WORK INSTRUCTIONS:
Copy, word for word, each line of the data below from the first through the line containing "Thomas T. Goldsmith, lors", and stop there.

DATA UNDER STUDY:
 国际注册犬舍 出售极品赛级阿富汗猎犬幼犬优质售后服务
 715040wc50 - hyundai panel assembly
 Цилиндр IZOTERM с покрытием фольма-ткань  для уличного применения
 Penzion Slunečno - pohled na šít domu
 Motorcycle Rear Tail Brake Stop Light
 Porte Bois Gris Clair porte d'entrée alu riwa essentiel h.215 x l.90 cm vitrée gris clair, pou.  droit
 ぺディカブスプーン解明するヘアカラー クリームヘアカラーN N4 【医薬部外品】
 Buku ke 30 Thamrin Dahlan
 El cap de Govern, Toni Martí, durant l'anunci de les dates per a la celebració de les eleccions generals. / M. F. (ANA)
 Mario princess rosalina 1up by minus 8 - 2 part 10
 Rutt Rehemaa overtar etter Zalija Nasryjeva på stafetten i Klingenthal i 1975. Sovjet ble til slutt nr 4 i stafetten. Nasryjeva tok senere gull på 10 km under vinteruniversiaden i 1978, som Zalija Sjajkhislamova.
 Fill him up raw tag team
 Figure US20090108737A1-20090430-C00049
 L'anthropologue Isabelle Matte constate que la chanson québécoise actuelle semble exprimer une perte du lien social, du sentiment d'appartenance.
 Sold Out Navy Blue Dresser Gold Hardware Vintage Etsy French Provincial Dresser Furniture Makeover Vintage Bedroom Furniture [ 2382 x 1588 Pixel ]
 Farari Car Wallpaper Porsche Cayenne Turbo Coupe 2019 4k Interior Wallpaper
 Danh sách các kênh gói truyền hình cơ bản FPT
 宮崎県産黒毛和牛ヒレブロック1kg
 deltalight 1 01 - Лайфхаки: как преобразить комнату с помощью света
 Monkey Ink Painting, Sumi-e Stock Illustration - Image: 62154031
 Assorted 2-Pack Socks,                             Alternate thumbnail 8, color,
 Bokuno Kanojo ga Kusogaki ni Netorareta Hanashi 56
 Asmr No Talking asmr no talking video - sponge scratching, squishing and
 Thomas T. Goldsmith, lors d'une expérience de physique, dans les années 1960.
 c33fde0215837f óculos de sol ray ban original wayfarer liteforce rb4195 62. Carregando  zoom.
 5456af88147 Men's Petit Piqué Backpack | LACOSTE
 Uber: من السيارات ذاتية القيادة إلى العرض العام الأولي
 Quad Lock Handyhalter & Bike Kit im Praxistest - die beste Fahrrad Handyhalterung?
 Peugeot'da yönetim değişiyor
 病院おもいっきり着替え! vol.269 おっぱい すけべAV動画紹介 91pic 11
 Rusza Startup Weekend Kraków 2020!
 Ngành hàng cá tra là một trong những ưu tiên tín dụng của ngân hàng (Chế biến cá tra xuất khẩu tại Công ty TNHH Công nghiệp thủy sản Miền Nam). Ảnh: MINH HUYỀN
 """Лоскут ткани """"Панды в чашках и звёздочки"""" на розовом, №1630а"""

RESULT OF THE TASK:
 国际注册犬舍 出售极品赛级阿富汗猎犬幼犬优质售后服务
 715040wc50 - hyundai panel assembly
 Цилиндр IZOTERM с покрытием фольма-ткань  для уличного применения
 Penzion Slunečno - pohled na šít domu
 Motorcycle Rear Tail Brake Stop Light
 Porte Bois Gris Clair porte d'entrée alu riwa essentiel h.215 x l.90 cm vitrée gris clair, pou.  droit
 ぺディカブスプーン解明するヘアカラー クリームヘアカラーN N4 【医薬部外品】
 Buku ke 30 Thamrin Dahlan
 El cap de Govern, Toni Martí, durant l'anunci de les dates per a la celebració de les eleccions generals. / M. F. (ANA)
 Mario princess rosalina 1up by minus 8 - 2 part 10
 Rutt Rehemaa overtar etter Zalija Nasryjeva på stafetten i Klingenthal i 1975. Sovjet ble til slutt nr 4 i stafetten. Nasryjeva tok senere gull på 10 km under vinteruniversiaden i 1978, som Zalija Sjajkhislamova.
 Fill him up raw tag team
 Figure US20090108737A1-20090430-C00049
 L'anthropologue Isabelle Matte constate que la chanson québécoise actuelle semble exprimer une perte du lien social, du sentiment d'appartenance.
 Sold Out Navy Blue Dresser Gold Hardware Vintage Etsy French Provincial Dresser Furniture Makeover Vintage Bedroom Furniture [ 2382 x 1588 Pixel ]
 Farari Car Wallpaper Porsche Cayenne Turbo Coupe 2019 4k Interior Wallpaper
 Danh sách các kênh gói truyền hình cơ bản FPT
 宮崎県産黒毛和牛ヒレブロック1kg
 deltalight 1 01 - Лайфхаки: как преобразить комнату с помощью света
 Monkey Ink Painting, Sumi-e Stock Illustration - Image: 62154031
 Assorted 2-Pack Socks,                             Alternate thumbnail 8, color,
 Bokuno Kanojo ga Kusogaki ni Netorareta Hanashi 56
 Asmr No Talking asmr no talking video - sponge scratching, squishing and
 Thomas T. Goldsmith, lors d'une expérience de physique, dans les années 1960.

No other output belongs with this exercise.